=== Provided material ===
──────────────────────────────

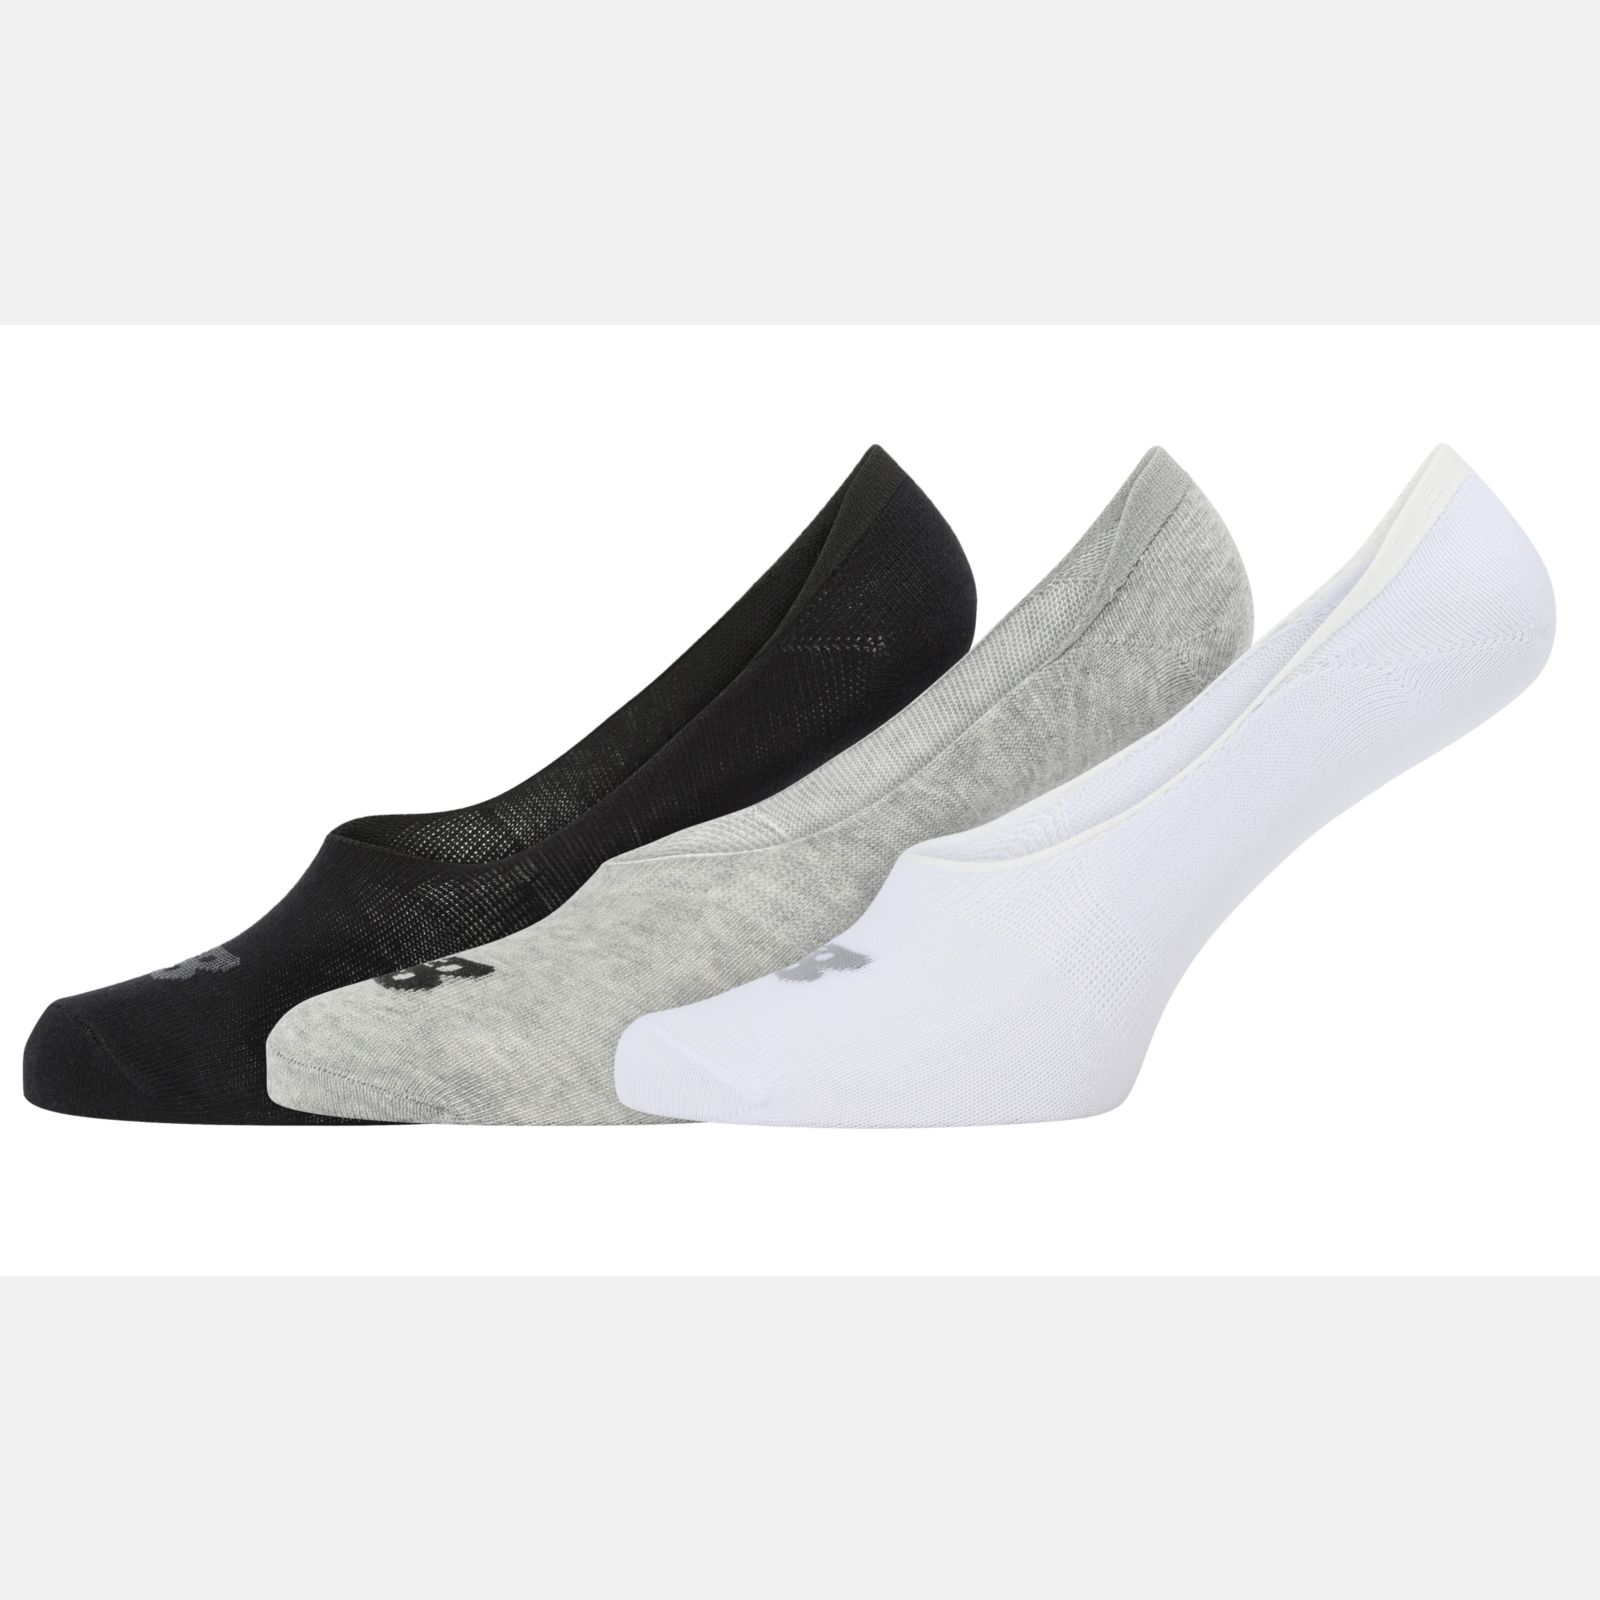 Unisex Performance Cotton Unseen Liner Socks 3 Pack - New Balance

──────────────────────────────

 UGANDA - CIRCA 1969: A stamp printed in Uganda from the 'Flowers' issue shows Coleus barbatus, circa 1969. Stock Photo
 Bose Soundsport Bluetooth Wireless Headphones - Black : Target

──────────────────────────────

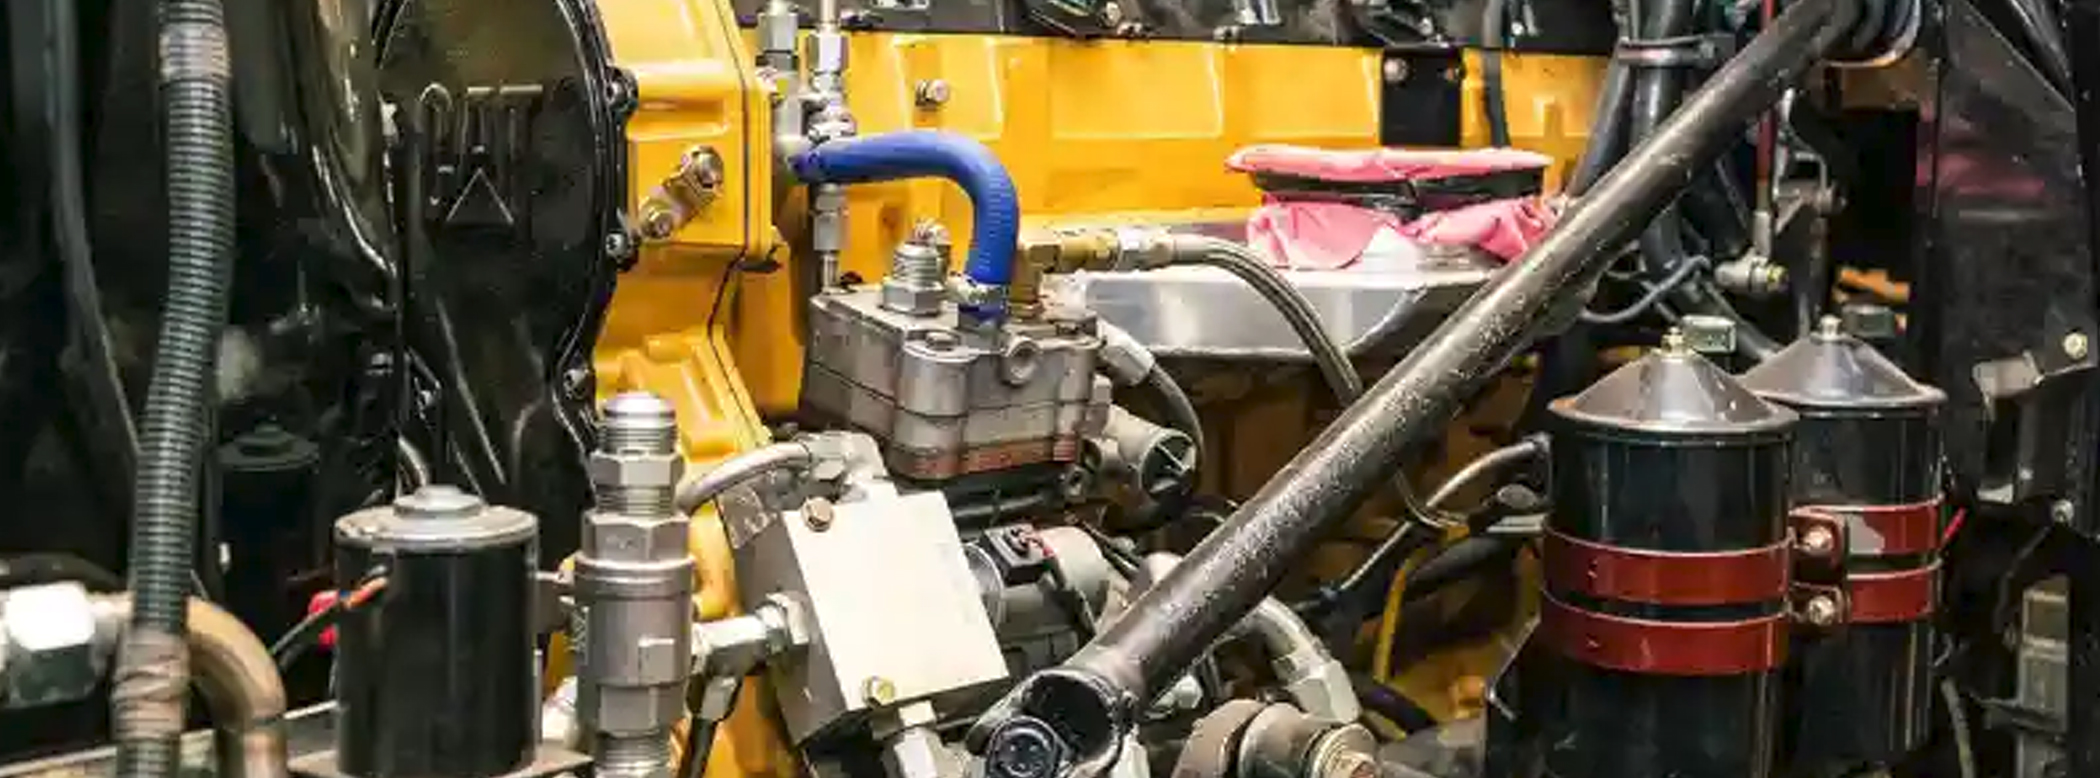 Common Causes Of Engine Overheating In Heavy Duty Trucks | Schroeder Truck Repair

──────────────────────────────

=== What is expected ===
Everything above from the line containing "UGANDA - CIRCA" through the line containing "Bose Soundsport Bluetooth" must be copied exactly. Nothing outside that range belongs in the answer.

=== Solved exercise ===
 UGANDA - CIRCA 1969: A stamp printed in Uganda from the 'Flowers' issue shows Coleus barbatus, circa 1969. Stock Photo
 Bose Soundsport Bluetooth Wireless Headphones - Black : Target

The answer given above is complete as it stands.